Enrico Donati (February 19, 1909 – April 25, 2008) was an Italian-American
Surrealist painter and sculptor.
Life and work
Enrico Donati studied economics at the Università degli Studi,
Pavia, and in 1934 moved to the USA, where he attended the
New School for Social Research and the
Art Students League of New York. His first one-man shows were in New York in 1942, at the New School for Social Research and the Passedoit Gallery. At this stage he was clearly drawn to
Surrealism.
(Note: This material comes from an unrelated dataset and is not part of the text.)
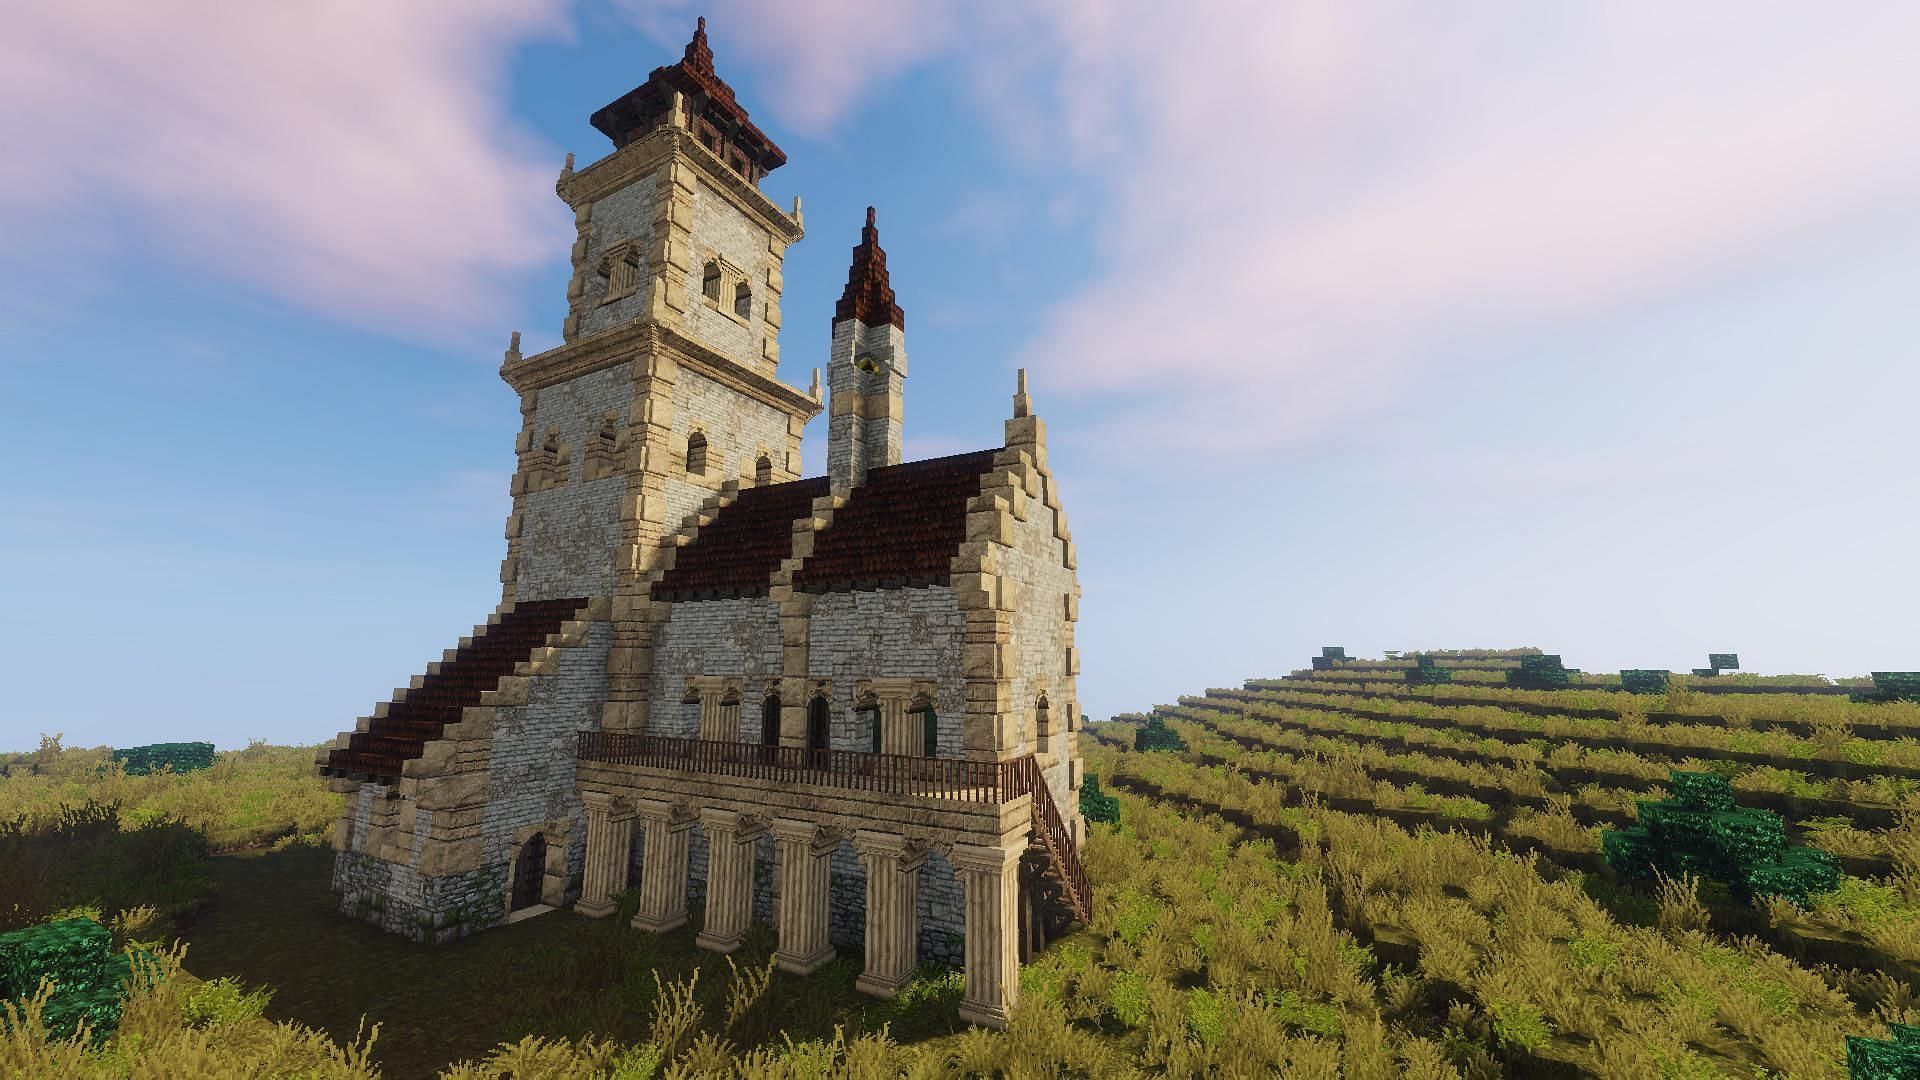 Having a place of worship certainly fits the historical theme of a medieval town (Image u/TheKinderknight/Reddit, Mojang)
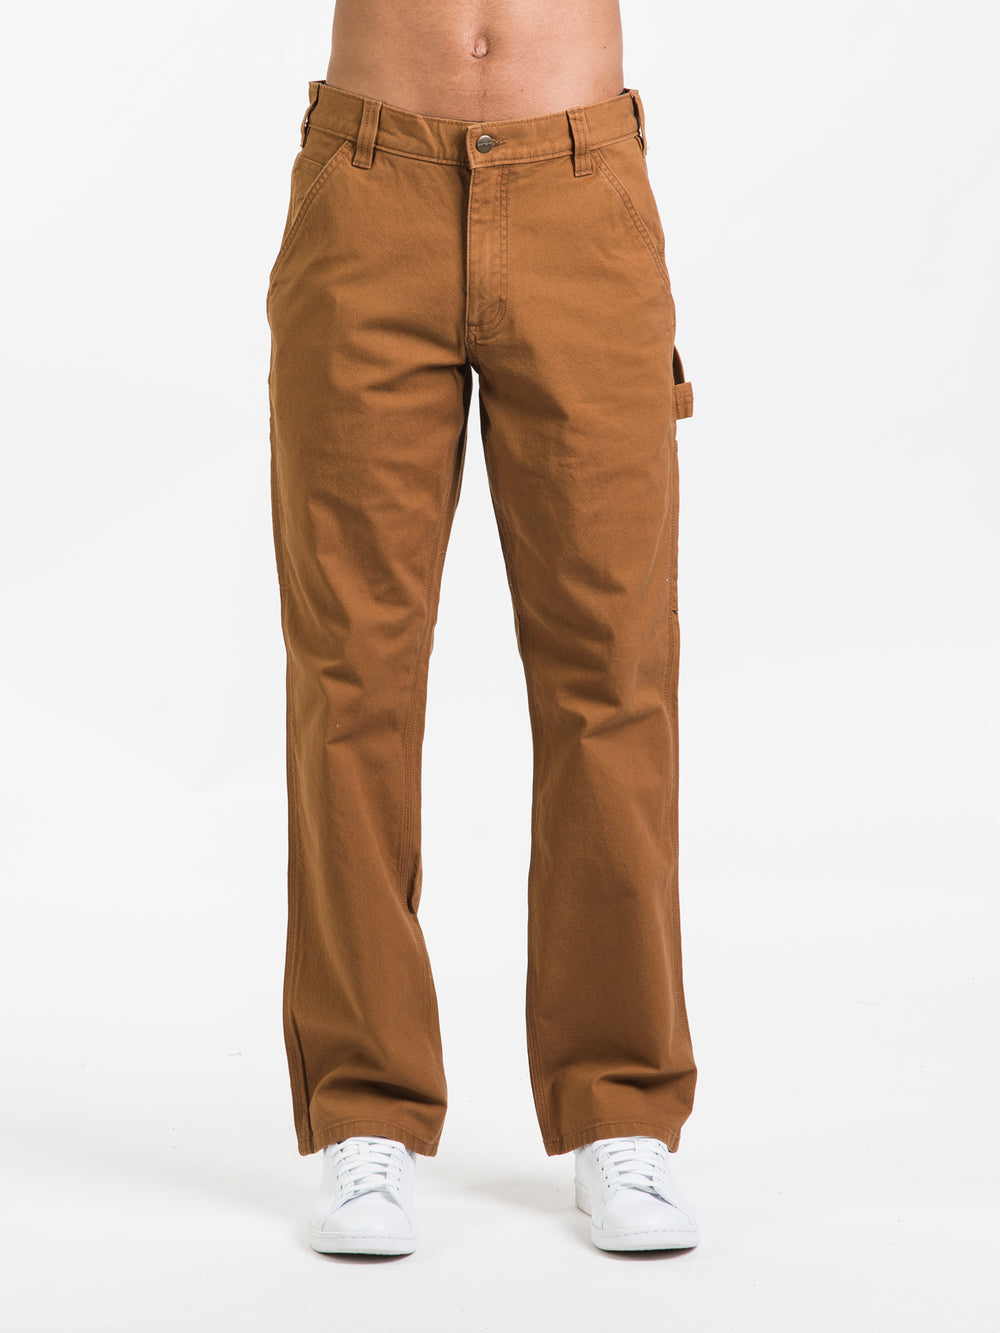 CARHARTT RELAXED FIT DUCKY UTILITY WORK PANTS - CLEARANCE

This was reinforced by meeting
André Breton and coming into contact with
Marcel Duchamp and the other European Surrealists in New York at the time. A typical work of this period, St Elmo’s Fire (1944; New York,
MoMA), contains strange organic formations suggestive of underwater life.
Donati was one of the organizers of the Exposition Internationale du Surréalisme held in
Paris in the summer of 1947, to which he contributed a painting and two sculptures. In the late 1940s he responded to the crisis in
Surrealism by going through a
Constructivist phase, from which he developed a
calligraphic style and drew onto melted tar, or diluted
paint with
turpentine. He also became associated with
Spatialism, founded by
Lucio Fontana. Thus began his long fascination with surface and texture, including mixing paint with dust, that culminated in the 1950s in his Moonscapes, a series that has similarities with the work of
Dubuffet. The fossil became a major theme for Donati through the 1960s, and he gave new importance to color in his Fossil works, for example in Red Yellow Fossil (1964;
Miami, Hills Col., see Selz, p. 19). In 1961, he was given a major retrospective at the Palais des Beaux-Arts in Brussels and frequently exhibited at group shows in the USA and elsewhere. He held a number of important teaching and advisory posts, including Visiting Lecturer at
Yale University (1962–1972).
Death
Considered by some in the art world to be one of the last of the
Surrealists, Enrico Donati died in his home in
Manhattan on April 25, 2008, aged 99. Donati's health had been failing since involved, as a passenger, in a taxi accident in July 2007. He eventually succumbed to complications sustained from his injuries.
Finding Aid for Enrico Donati letters received and manuscripts at the Getty Research Institute, Los Angeles, Accession No. 940120. The collection consist of circa 200 letters received from galleries, museums, and artists, four manuscripts, and circa 20 printed items primarily relate to the Surrealist retrospective "Le Surrealisme en 1947" curated by Andrei Breton and Marcel Duchamp and held at the Galerie Maeght in Paris, July–August 1947.